Li Na, Zuo Ran, He Yuchao, Gong Wenchen, Wang Yu, Chen Liwei, Luo Yi, Zhang Cuicui, Liu Zhiyong, Chen Peng, Guo Hua
Department of Thoracic Oncology, Lung Cancer Diagnosis and Treatment Center, Tianjin Medical University Cancer Institute and Hospital, Tianjin, 300060, China.
National Clinical Research Center for Cancer, State Key Laboratory of Druggability Evaluation and Systematic Translational Medicine, Tianjin's Clinical Research Center for Cancer, Key Laboratory of Cancer Prevention and Therapy, Tianjin, 300060, China.
Cell Death Dis. 2024 Aug 1;15(8):555. doi: 10.1038/s41419-024-06945-7.
Resistance to epidermal growth factor receptor (EGFR)-tyrosine kinase inhibitors (TKIs) is a significant cause of treatment failure and cancer recurrence in non-small cell lung cancer (NSCLC). Approximately 30% of patients with EGFR-activating mutations exhibit primary resistance to EGFR-TKIs. However, the potential mechanisms of primary resistance to EGFR-TKIs remain poorly understood. Recent studies have shown that increased expression of programmed death ligand-1 (PD-L1) is associated with EGFR-TKIs resistance. Therefore, the present study aimed to investigate the mechanism of PD-L1 in primary resistance to EGFR-TKIs in EGFR-mutant lung adenocarcinoma (LUAD) cells. We found that PD-L1 was associated with poor prognosis in patients with EGFR-mutant LUAD, while the combination of EGFR-TKIs with chemotherapy could improve its therapeutic efficacy. In vitro and in vivo experiments revealed that PD-L1 promoted the proliferation and autophagy and inhibited the apoptosis of LUAD cells. Mechanistic studies demonstrated that upregulation of PD-L1 was critical in inducing autophagy through the mitogen-activated protein kinase (MAPK) signaling pathway, which was beneficial for tumor progression and the development of gefitinib resistance. Furthermore, we found that gefitinib combined with pemetrexed could synergistically enhance antitumor efficacy in PD-L1-overexpression LUAD cells. Overall, our study demonstrated that PD-L1 contributed to primary resistance to EGFR-TKIs in EGFR-mutant LUAD cells, which may be mediated by inducing autophagy via the MAPK signaling pathway. These findings not only help improve the prognosis of patients with EGFR-mutant LUAD but also provide a reference for the research of other cancer types.

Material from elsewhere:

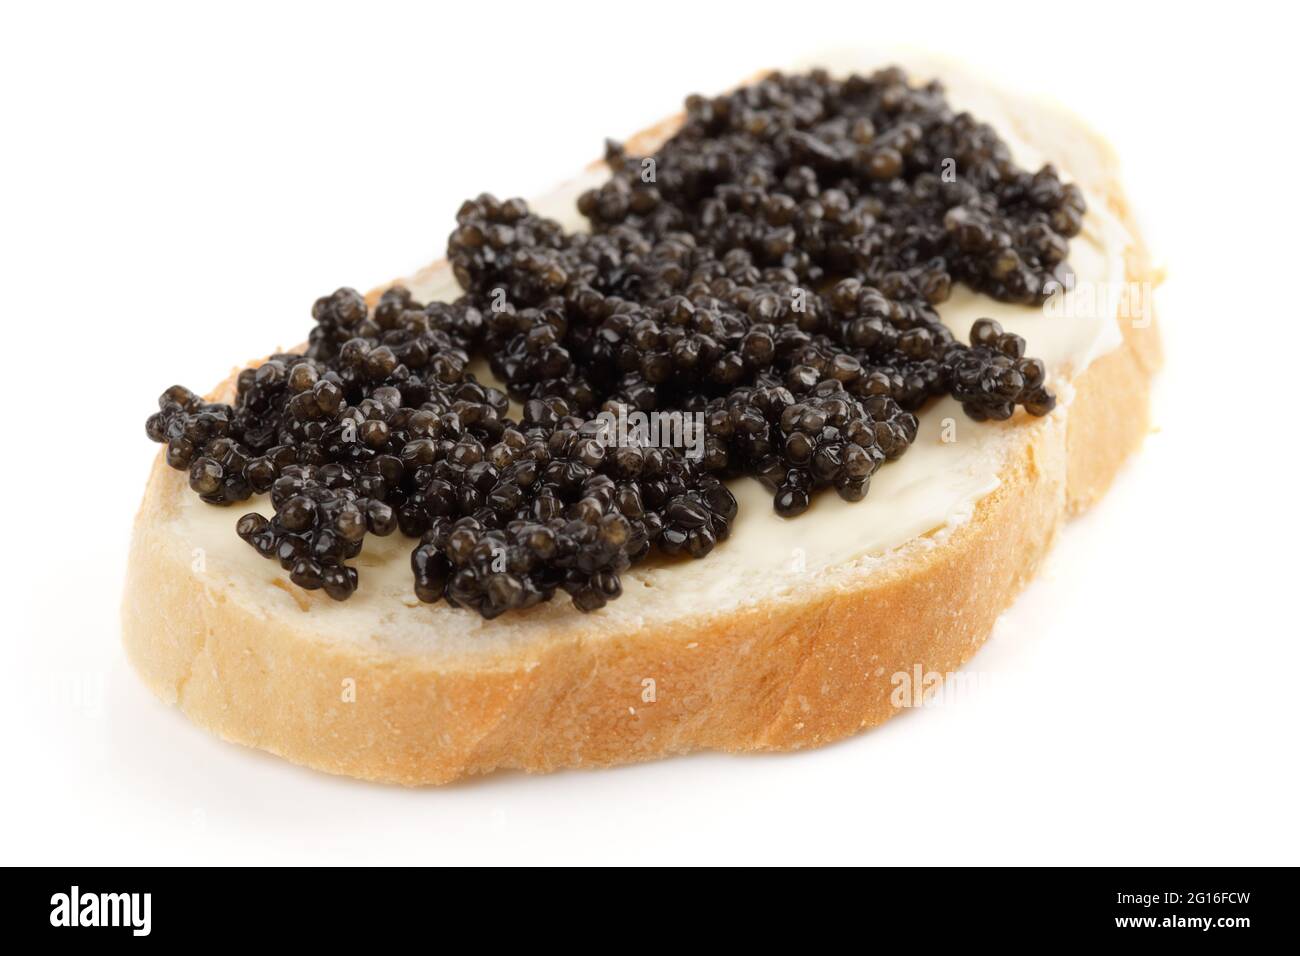 Echt, nicht imitiert, Beluga-Kaviar auf Brot mit Butter, isoliert auf weißem Hintergrund Stockfoto
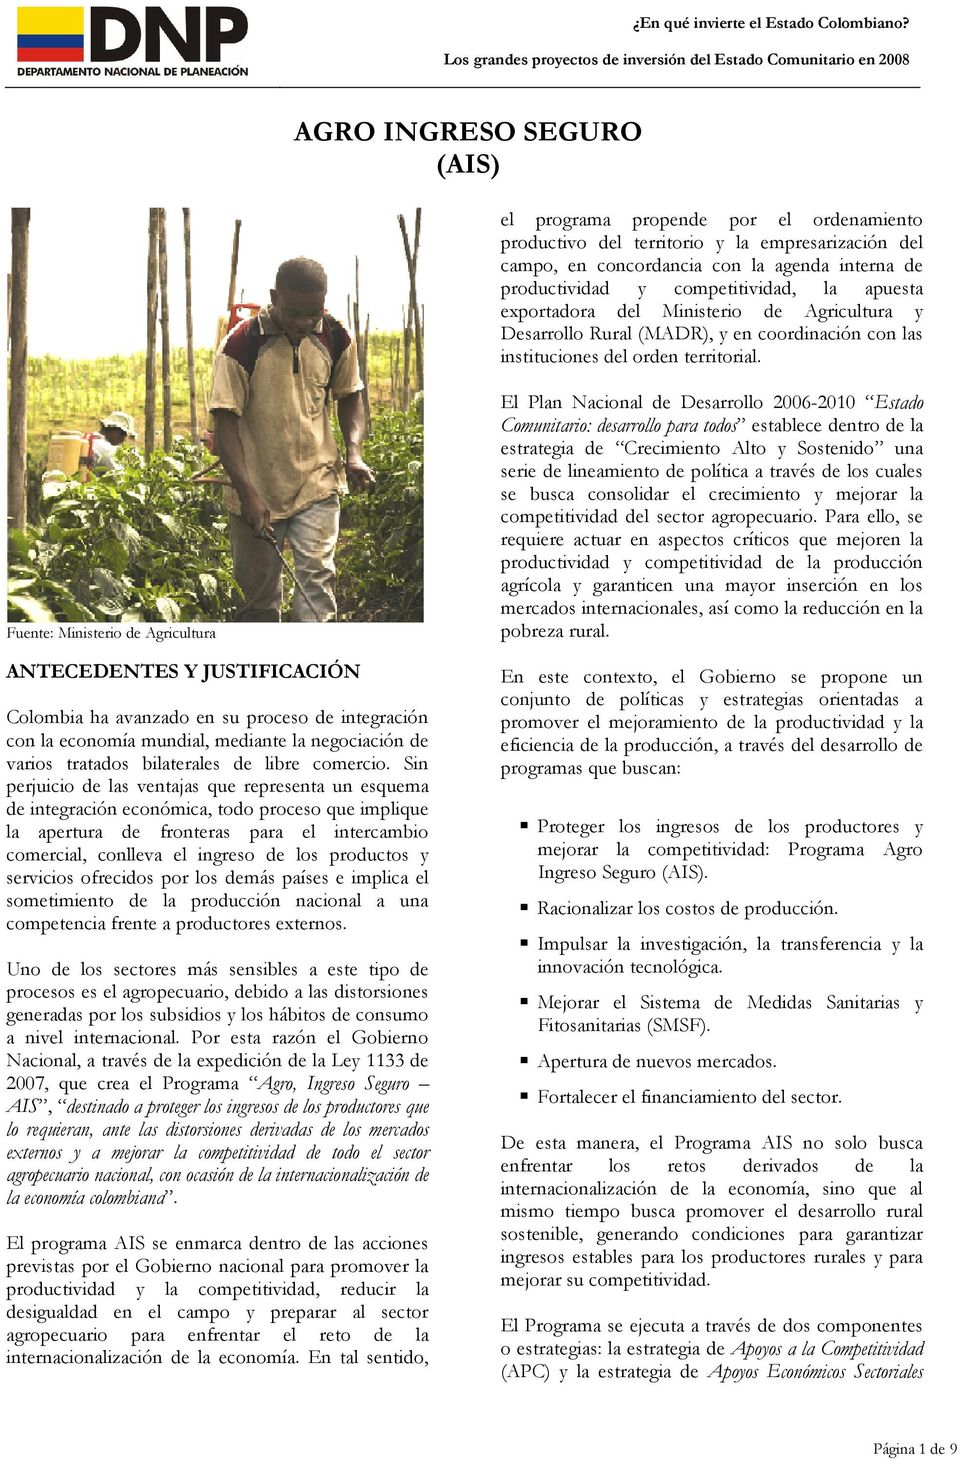 Fuente: Ministerio de Agricultura ANTECEDENTES Y JUSTIFICACIÓN Colombia ha avanzado en su proceso de integración con la economía mundial, mediante la negociación de varios tratados bilaterales de

对表皮生长因子受体(EGFR)-酪氨酸激酶抑制剂(TKIs)耐药是导致非小细胞肺癌(NSCLC)治疗失败和癌症复发的重要原因。约30%具有EGFR激活突变的患者对EGFR-TKIs表现出原发性耐药。然而,EGFR-TKIs原发性耐药的潜在机制仍知之甚少。最近的研究表明,程序性死亡配体-1(PD-L1)表达增加与EGFR-TKIs耐药相关。因此,本研究旨在探讨PD-L1在EGFR突变型肺腺癌(LUAD)细胞对EGFR-TKIs原发性耐药中的作用机制。我们发现,PD-L1与EGFR突变型LUAD患者的不良预后相关,而EGFR-TKIs与化疗联合应用可提高其治疗效果。体外和体内实验表明,PD-L1促进LUAD细胞增殖和自噬,抑制细胞凋亡。机制研究表明,PD-L1上调通过丝裂原活化蛋白激酶(MAPK)信号通路诱导自噬,这有利于肿瘤进展和吉非替尼耐药的发生。此外,我们发现吉非替尼联合培美曲塞可协同增强PD-L1过表达的LUAD细胞的抗肿瘤疗效。总体而言,我们的研究表明,PD-L1在EGFR突变型LUAD细胞中导致对EGFR-TKIs的原发性耐药,这可能是通过MAPK信号通路诱导自噬介导的。这些发现不仅有助于改善EGFR突变型LUAD患者的预后,也为其他癌症类型的研究提供了参考。